>>>>>

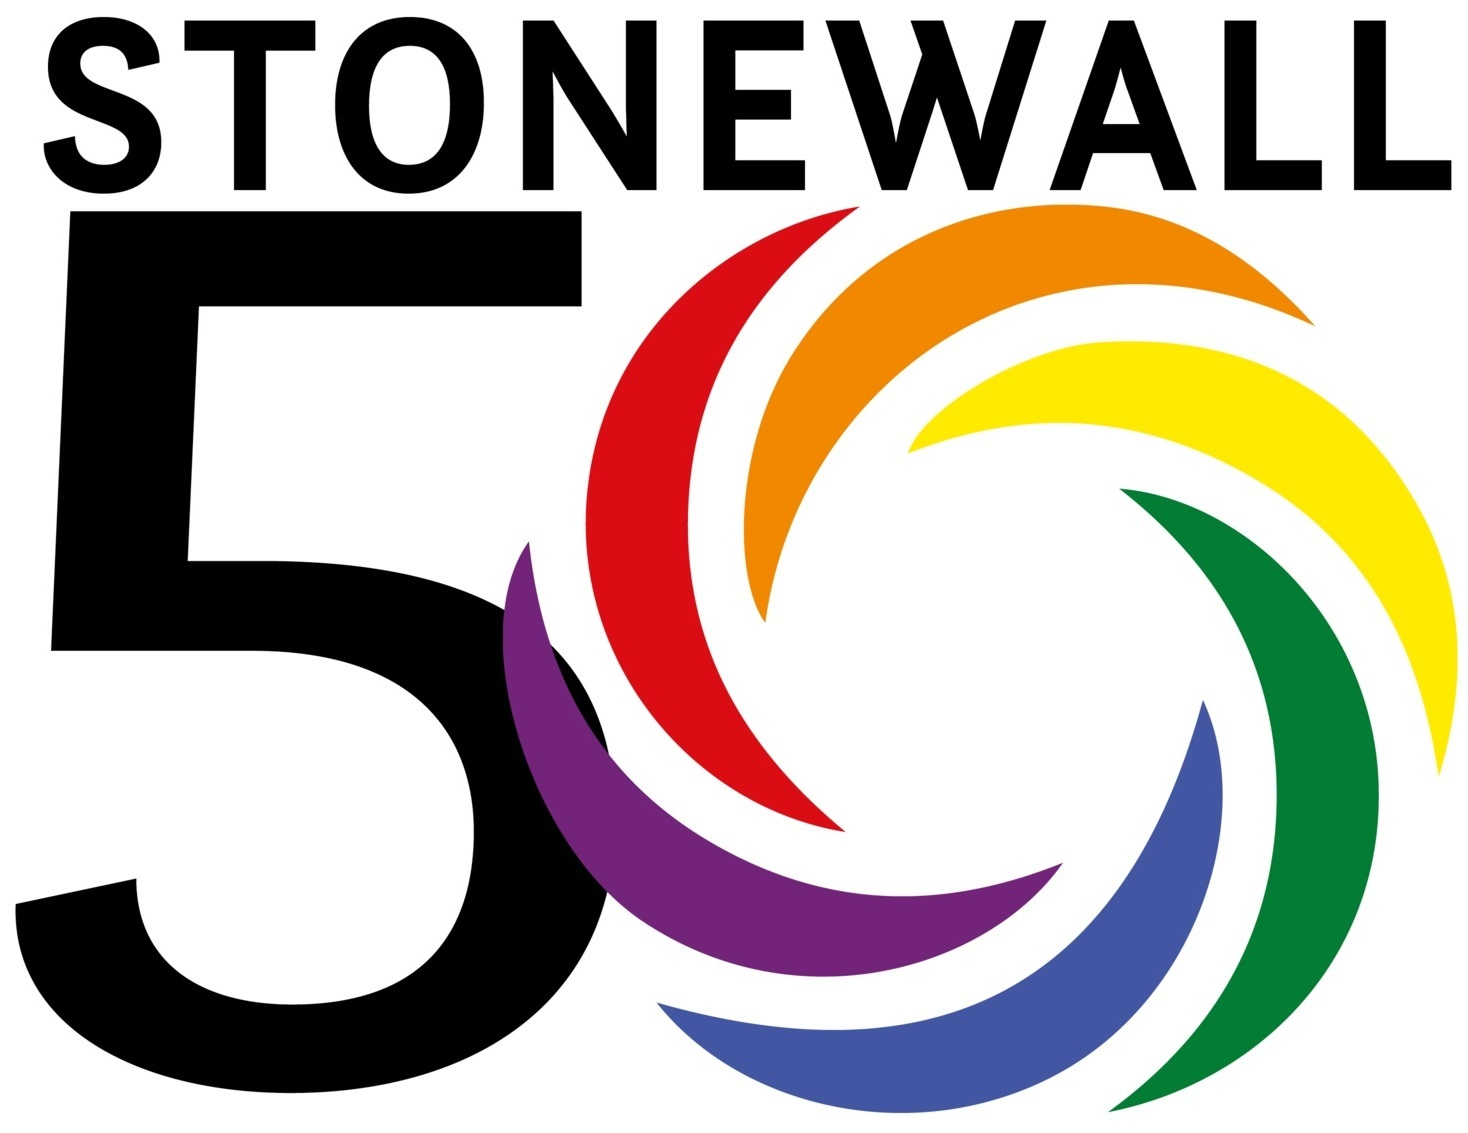 Stonewall%252B50%252Blogo%252Bwhite%252BTW.jpg
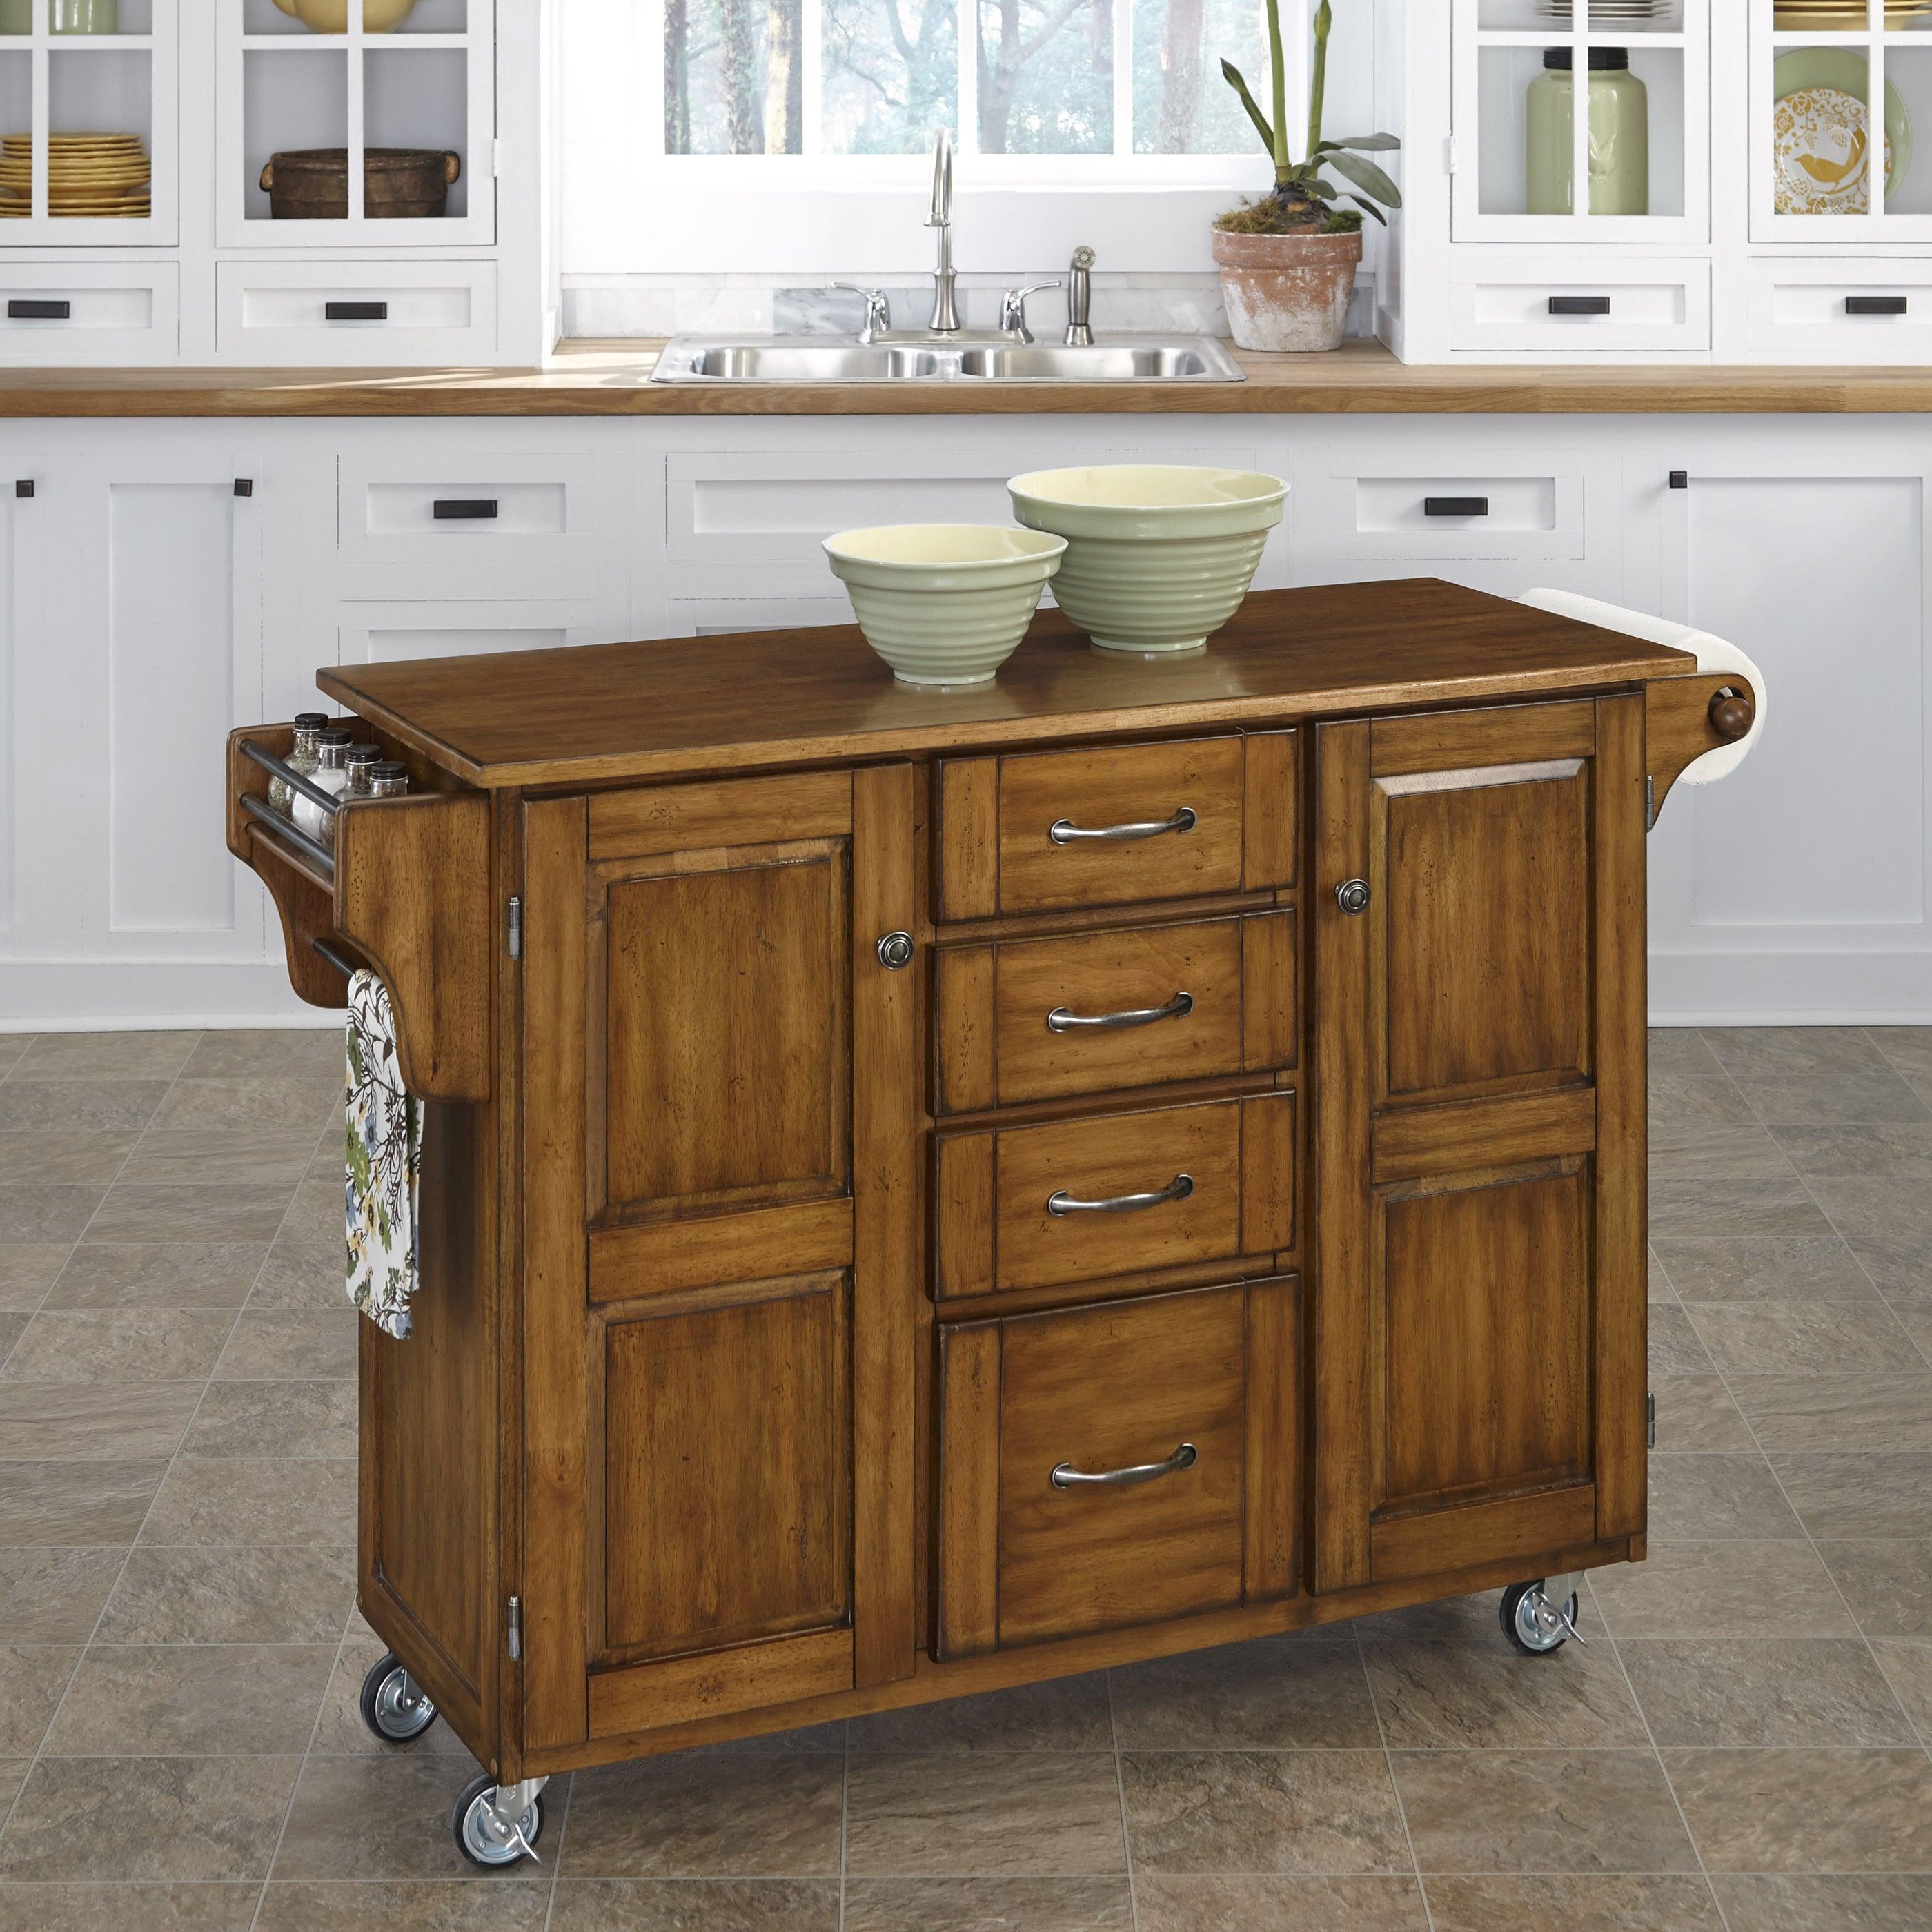 Shop Simple Living Rolling Galvin Microwave Cart: Shop Gracewood Hollow Defoe Oak Finish Kitchen Cart
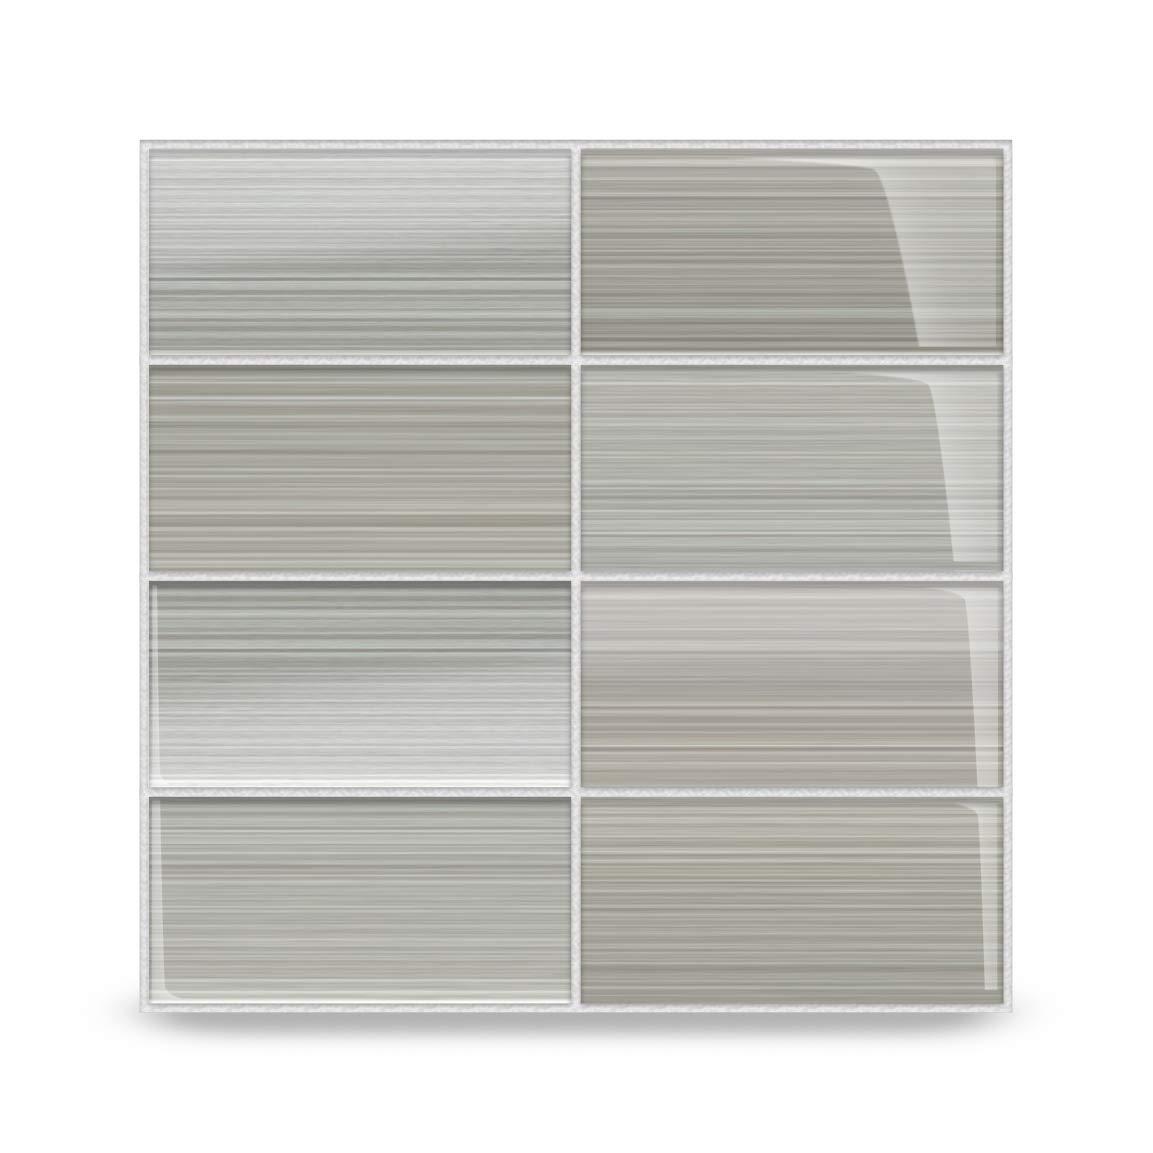 - Gray Glass Subway Tile Gainsboro For Kitchen Backsplash Or

<<<<<

Exercise brief. The result should be the material above, unchanged and free of pictures; please print it.

Reply.
 Stonewall%252B50%252Blogo%252Bwhite%252BTW.jpg
 Shop Simple Living Rolling Galvin Microwave Cart: Shop Gracewood Hollow Defoe Oak Finish Kitchen Cart
 - Gray Glass Subway Tile Gainsboro For Kitchen Backsplash Or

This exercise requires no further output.